Subject: Re: Dividing a cake
Date: Sun, 5 Oct 1997 01:18:06 -0400
From: Alex Bogomolny

Dear Nilo:

The problem is not new and I am quite certain I saw a published solution which I disliked and, therefore, did not make an effort to memorize. I couldn't located the book though. Here is another solution:

The solution is by induction. For n=2 you know it. Let for all k

Choose a fellow (say, #1) and ask him to divide the cake in such a way that he would be satisfied with getting any piece. (This is your assumption 1: the thing is possible.)

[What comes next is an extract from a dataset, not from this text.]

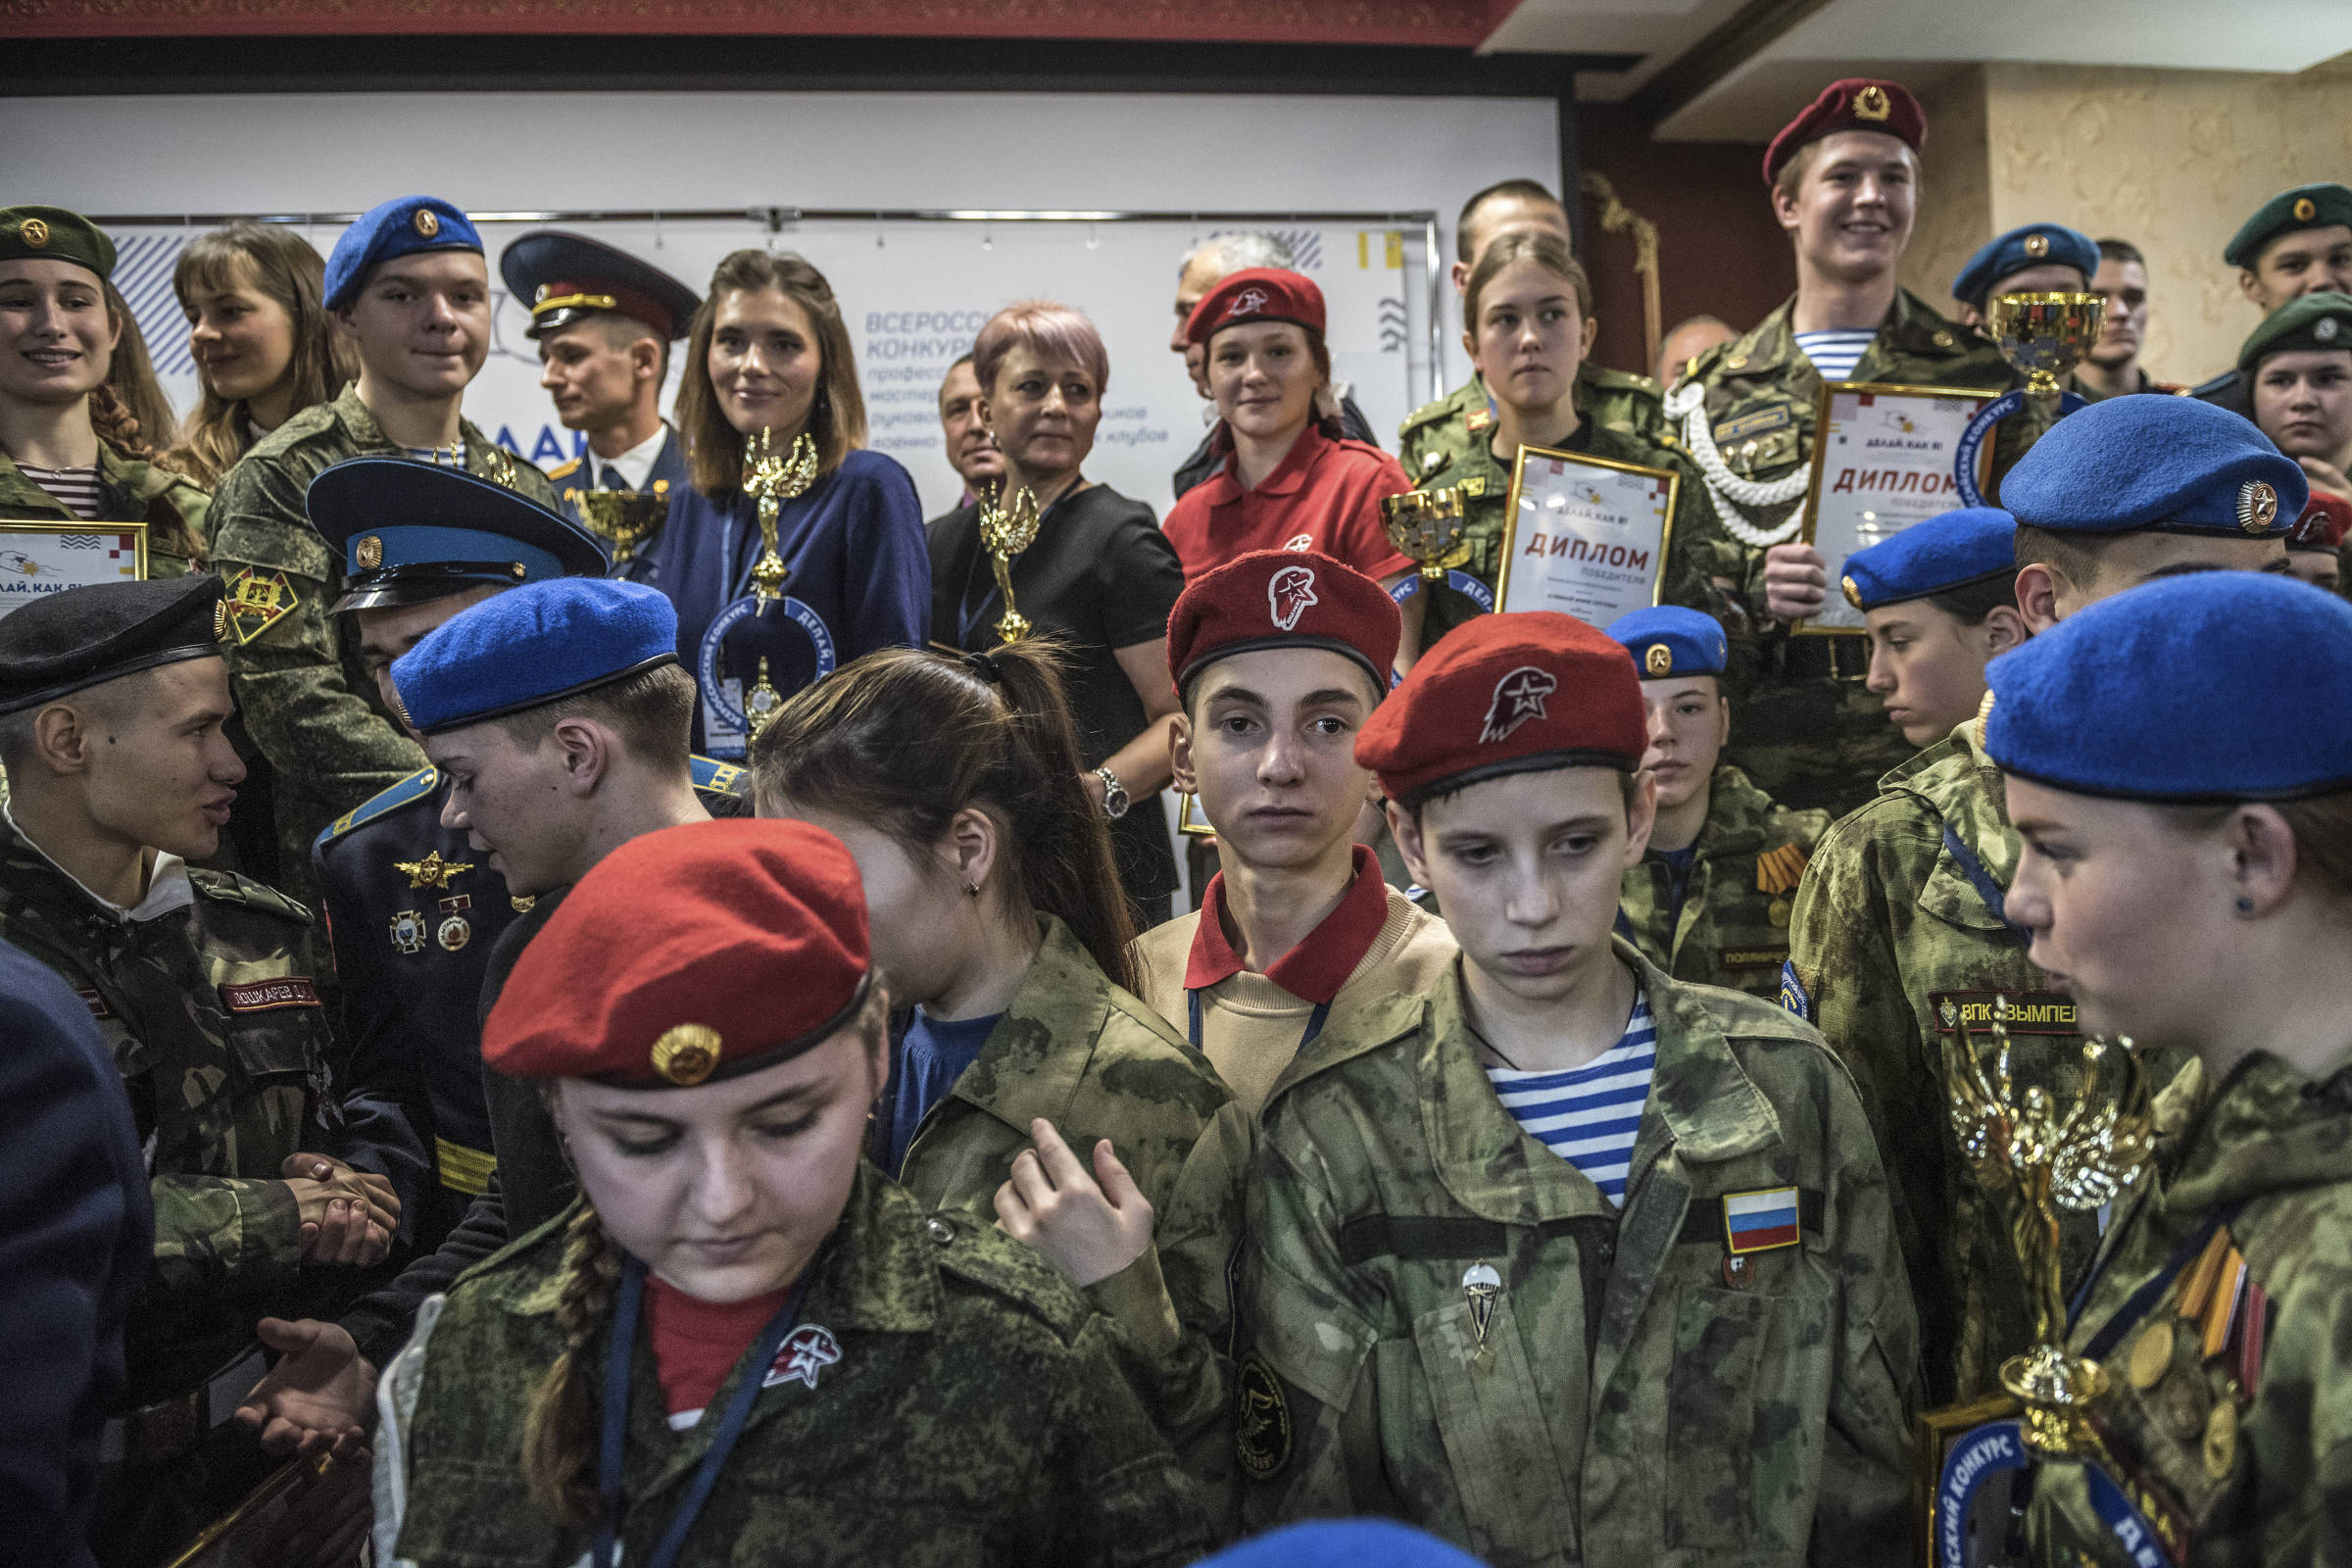 Rusia: Adoctrinamiento doctrinal en las escuelas renueva a los seguidores de Putin – 18/07/2022 – El Mundo
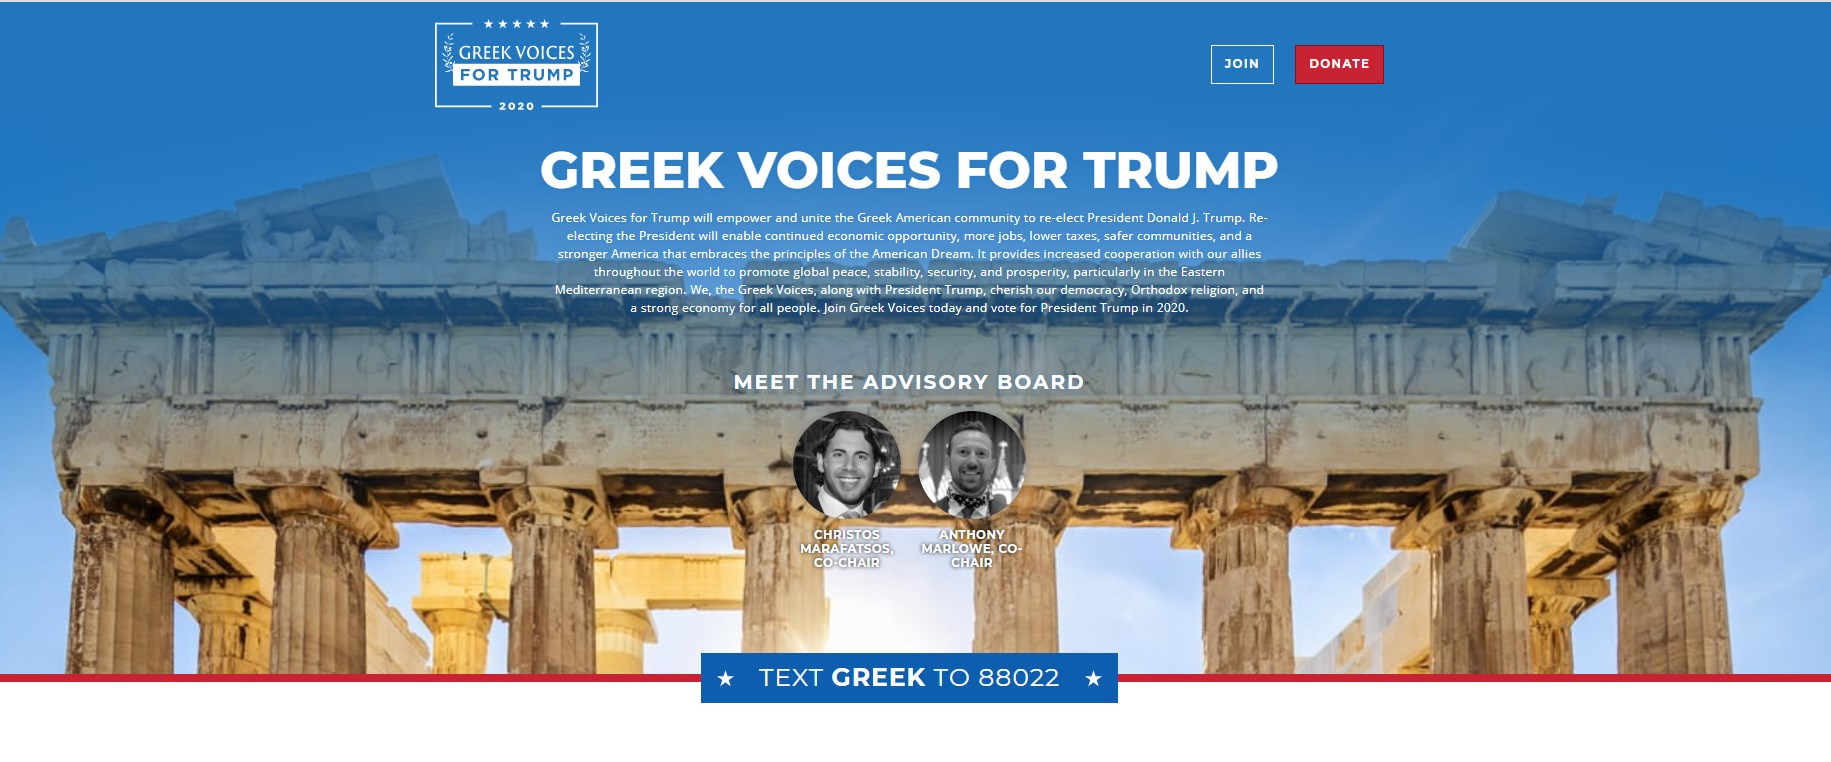 Το Ελληνικό επιτελείο του Τραμπ αναλύει γιατί οι ομογενείς πρέπει να ψηφίσουν Τραμπ!

Consider remaining n-1 guys who each having a notion of desirability of every piece. You make here a second tacit assumption that each will be satisfied with at least one of the pieces because the only sensible definition you can give is that a piece is desirable in somebody's eyes if the fellow thinks the piece is not less than 1/n-th of the cake. But surely a fellow can't think of each of the n pieces as being smaller than 1/n-th.

Consider three cases:

  1. There is a piece no one (excluding, of course, #1) likes. Give to #1, put the remaining pieces together. The (n-1) guys must all think they got more than (n-1)/n-th of the cake. Use the inductive hypothese.
  2. There is a piece liked by exactly one fellow (other than #1). Let him have it. Put everything together and again reduce the problem to n-1.
  3. Each piece would be accepted by at least two fellows.

In the latter case, draw a bi-graph with nodes corresponding to pieces and (n-1) fellows. There bound to be a loop:

Start with any "fellow" node, walk along one of the emanating edges to a "cake" node. From there return to another "fellow", and so on. Do not go along the same edge twice. Sooner or later you'll get to an already visied node. If it's the starting one - we are done. Otherwise, forget about the chain which is a part of your trail but which does not fit into the loop.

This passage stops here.